Lots to learn from the discussion here. Thank you so much.


https://www.duolingo.com/profile/SuzanneVerduijn

This is confusing as I'm a Dutch native and the Dutch word for 'middag' is 'afternoon' (mid-day) :P


https://www.duolingo.com/profile/Kopfkaese

All this comments go too deep. I just want to know. Does 'middag' in swedish only refer to evening meal? I an confused: german native speaker using duolingo english-swedish.


https://www.duolingo.com/profile/Arnauti

For most people, Mittagessen is only lunch in Swedish, and middag means the large meal eaten later in the day (English dinner). This is what we teach in the course.


https://www.duolingo.com/profile/Amanda745046

Are dinner and meal interchangeable terms?


https://www.duolingo.com/profile/Arnauti

No, meal is måltid in Swedish. A meal is any meal, breakfast, lunch, dinner, could be a snack.


https://www.duolingo.com/profile/Robin479

"Middag" being "dinner" instead of "lunch" totally confuses me (being a German native).


https://www.duolingo.com/profile/kibranoz

Why would a lunch be incorrect


https://www.duolingo.com/profile/ClockworkElf

Lunch = Lunch Middag = Dinner


https://www.duolingo.com/profile/kat349

But, how are they the same thing


https://www.duolingo.com/profile/joycemelton

My objection is that previously I translated middag as lunch in a sentence and it was accepted. Be consistent.


[deactivated user]

    In English , the indefinite article (a) would not be used with the noun (dinner) too often.

    Like one would say " I had dinner ", and if one said " I just had a dinner ", it would sound somewhat unnatural, and you would probably have to explain more by saying "I just had a TV dinner" (for example).


    https://www.duolingo.com/profile/DoYouSpeakBull

    Regardless of lunch or dinner... Bon appetit!


    https://www.duolingo.com/profile/AlekseyOm

    Why not to add both dinner and lunxh?

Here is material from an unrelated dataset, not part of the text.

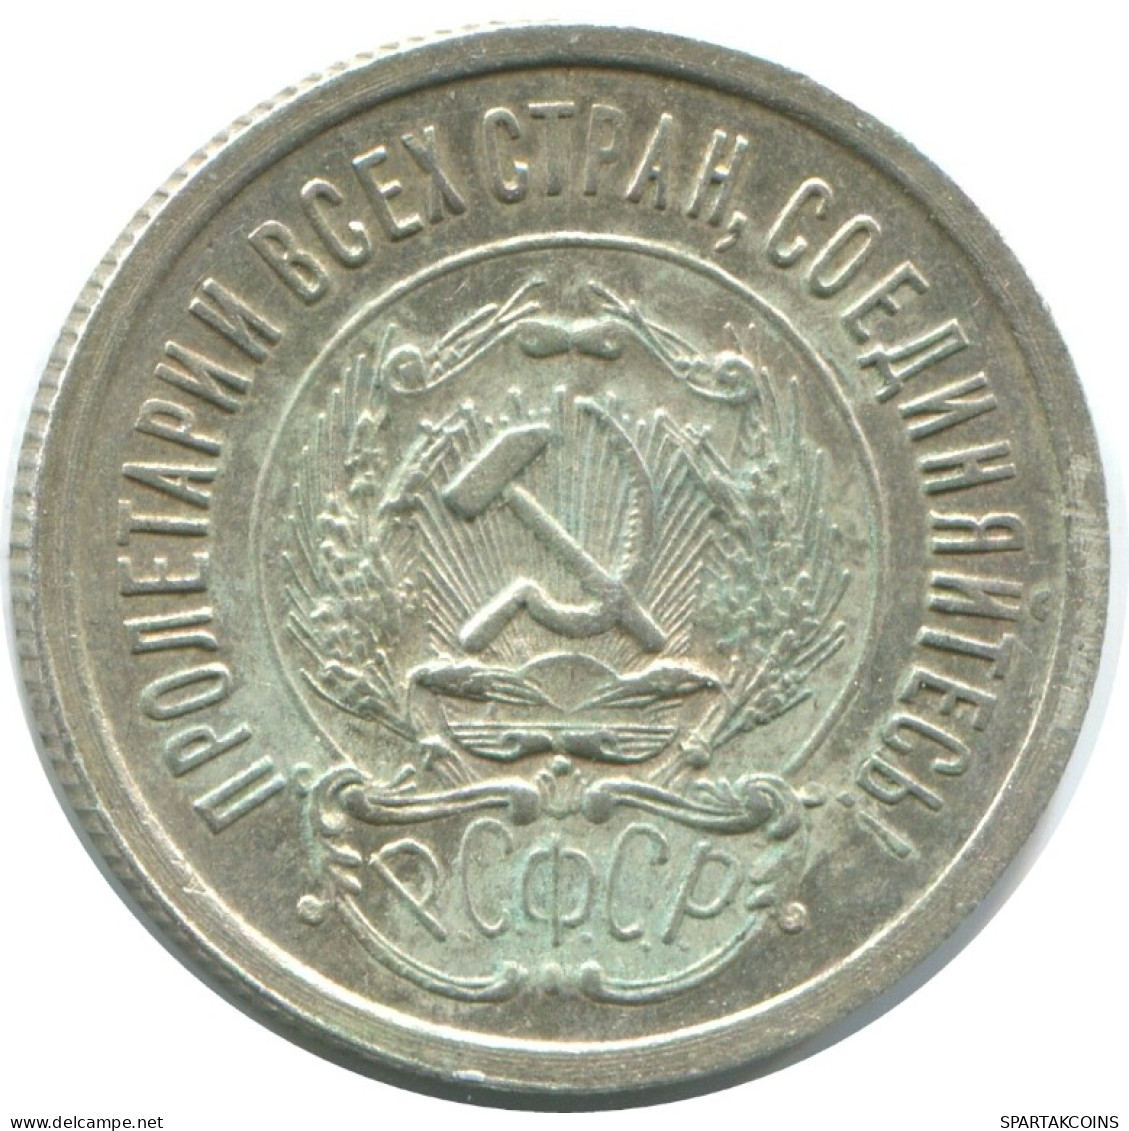 20 KOPEKS 1923 RUSSLAND RUSSIA RSFSR SILBER Münze HIGH GRADE #AF514.4.D.A - Russie

Since middag is rather a time frame not a kind of meal. And as far as I know you in Sweden don't like to eat much (a point for lunch).


    https://www.duolingo.com/profile/Arnauti

    The normal use of middag is as a kind of meal, dinner. It is rarely used for the time frame. Read more here: https://www.duolingo.com/comment/6176753


    https://www.duolingo.com/profile/Mannynkapy

    My teacher thaught to me that middag is also lunch


    https://www.duolingo.com/profile/MichaelRob57284

    Therefore, "lunch" for "middag" should be accepted as a possible answer!